World-wide experiments have been conducted to understand the distinct relationships among various genes. However, it remains a challenge to identify the genomic causes and effects directly from the data, especially within a network. It’s the classic chicken and egg question: Which comes first, the chicken or the egg? In other words, how do you know which genes regulate which other genes?

Correlation between the expression of two genes is symmetrical. Therefore, scientists cannot infer which of the two genes is the regulator and which is the target. Similar levels of correlation can arise from different causal mechanisms. For example, between two genes with correlated expression levels, it is plausible that one gene regulates the other gene; it is also plausible that they do not regulate each other directly, but are regulated by a common genetic variant.

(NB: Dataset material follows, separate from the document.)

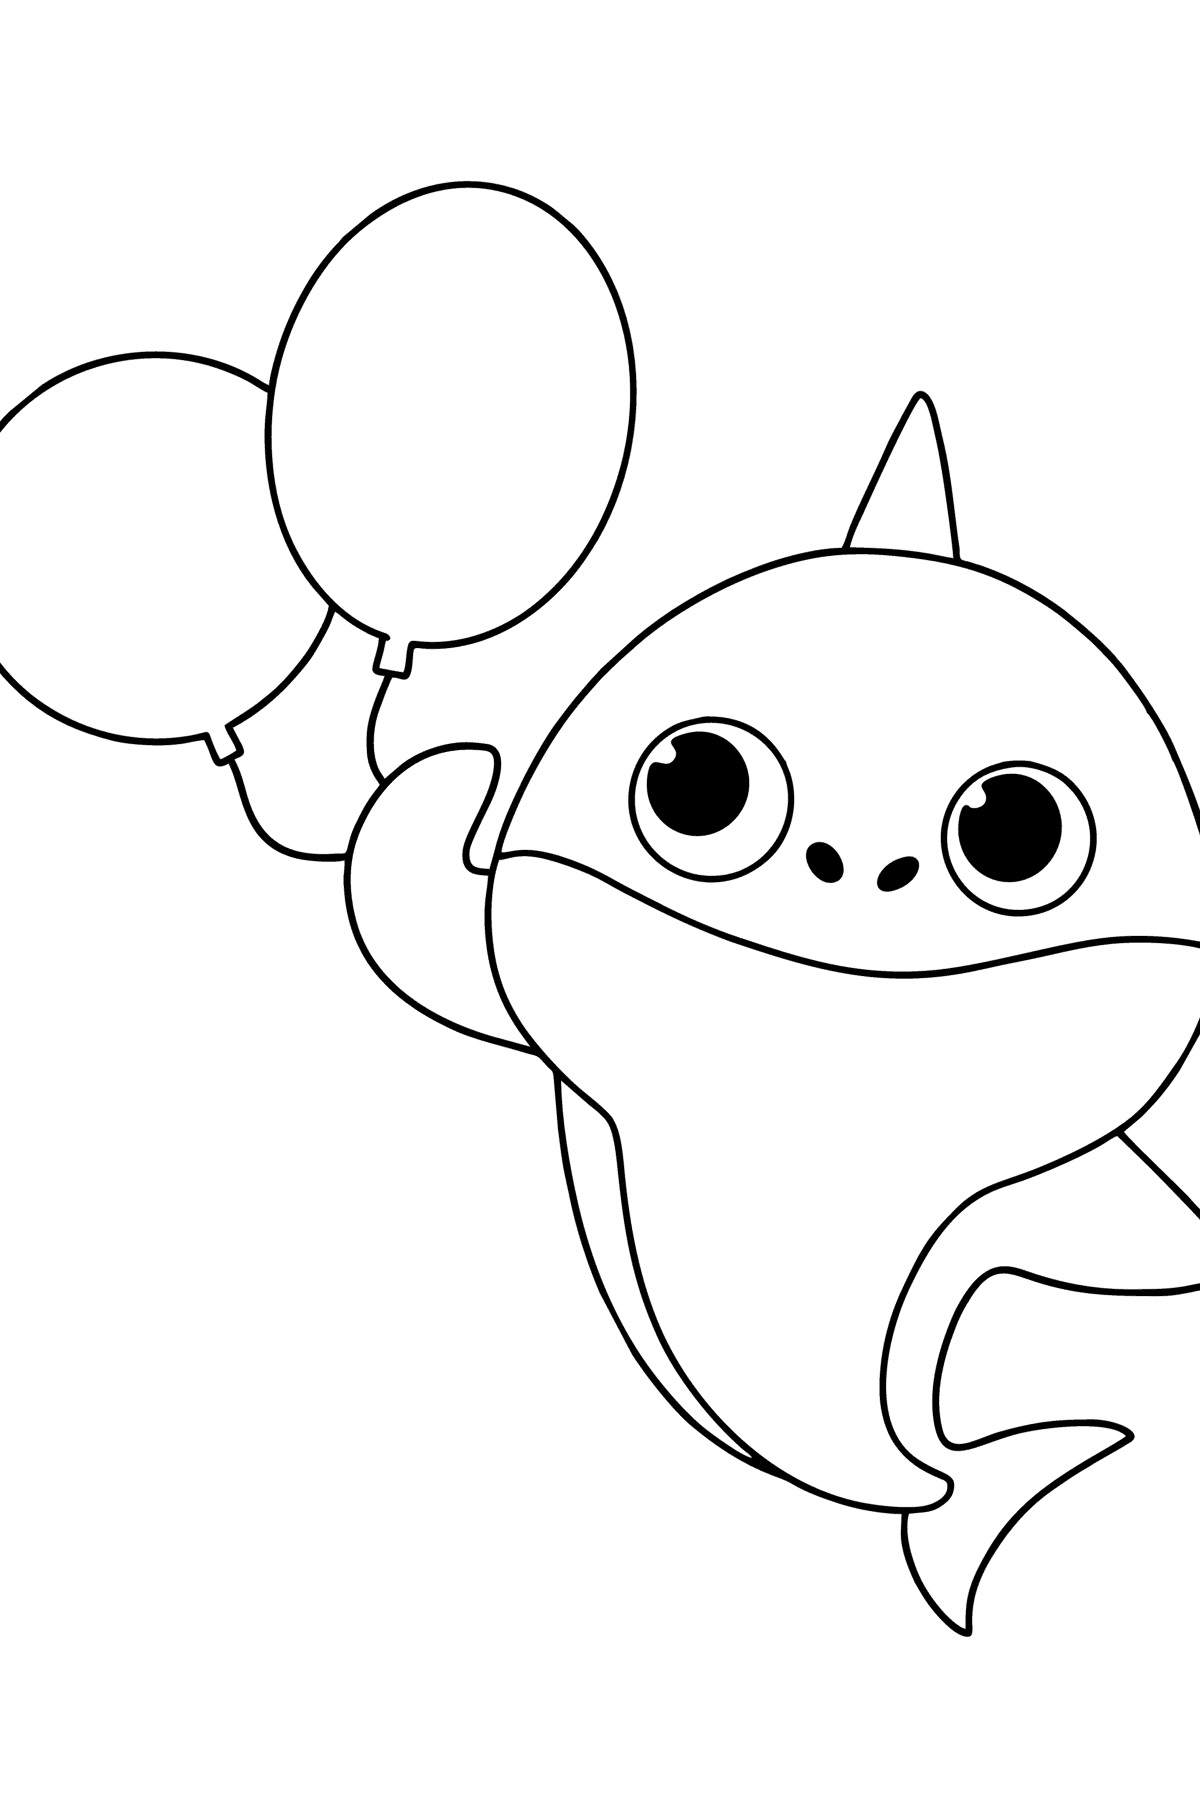 Baby shark coloring page - Coloring Pages for Kids

Audrey Fu, Assistant Professor in the Department of Statistical Science, and Postdoctoral Researcher Md. Bahadur Badsha, recently published a paper introducing a novel machine learning algorithm. “Our new method, namely the MRPC algorithm, can tease apart which correlation may suggest causality and which correlation is just indirect association through many other genes,” said Fu.

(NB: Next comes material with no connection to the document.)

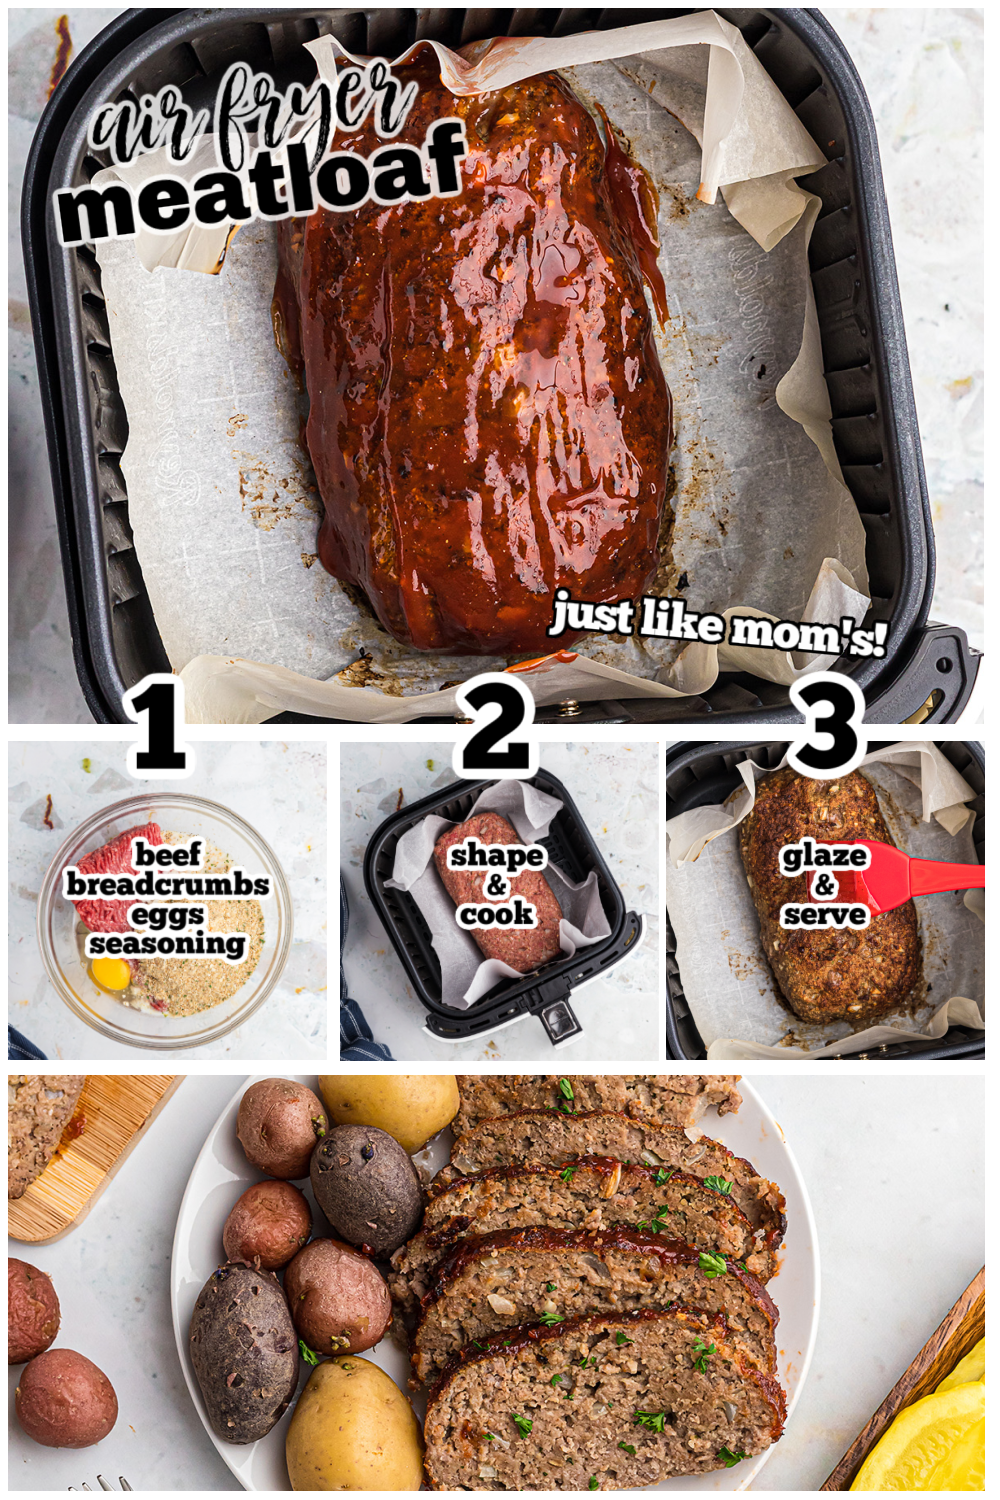 This meatloaf recipe is a great main dish for your air fryer!  It cooks perfectly!  #airfried #meatloaf #recipes

Figure 2. The MRPC algorithm. The MRPC algorithm consists of two steps. In Step I, it starts with a fully connected graph shown in (1), and learns a graph skeleton shown in (2), whose edges are present in the final graph but are undirected. In Step II, it orients the edges in the skeleton in the following order: edges involving at least one genetic variant (3), edges in a v-structure (if v-structures exist) (4), and remaining edges, for which MRPC iteratively forms a triplet and checks which of the five basic models under the PMR is consistent with the triplet (5). If none of the basic models matches the triplet, the edge is left unoriented (shown as bidirected). (A) An example illustrating the algorithm. (B)The pseudocode of the algorithm.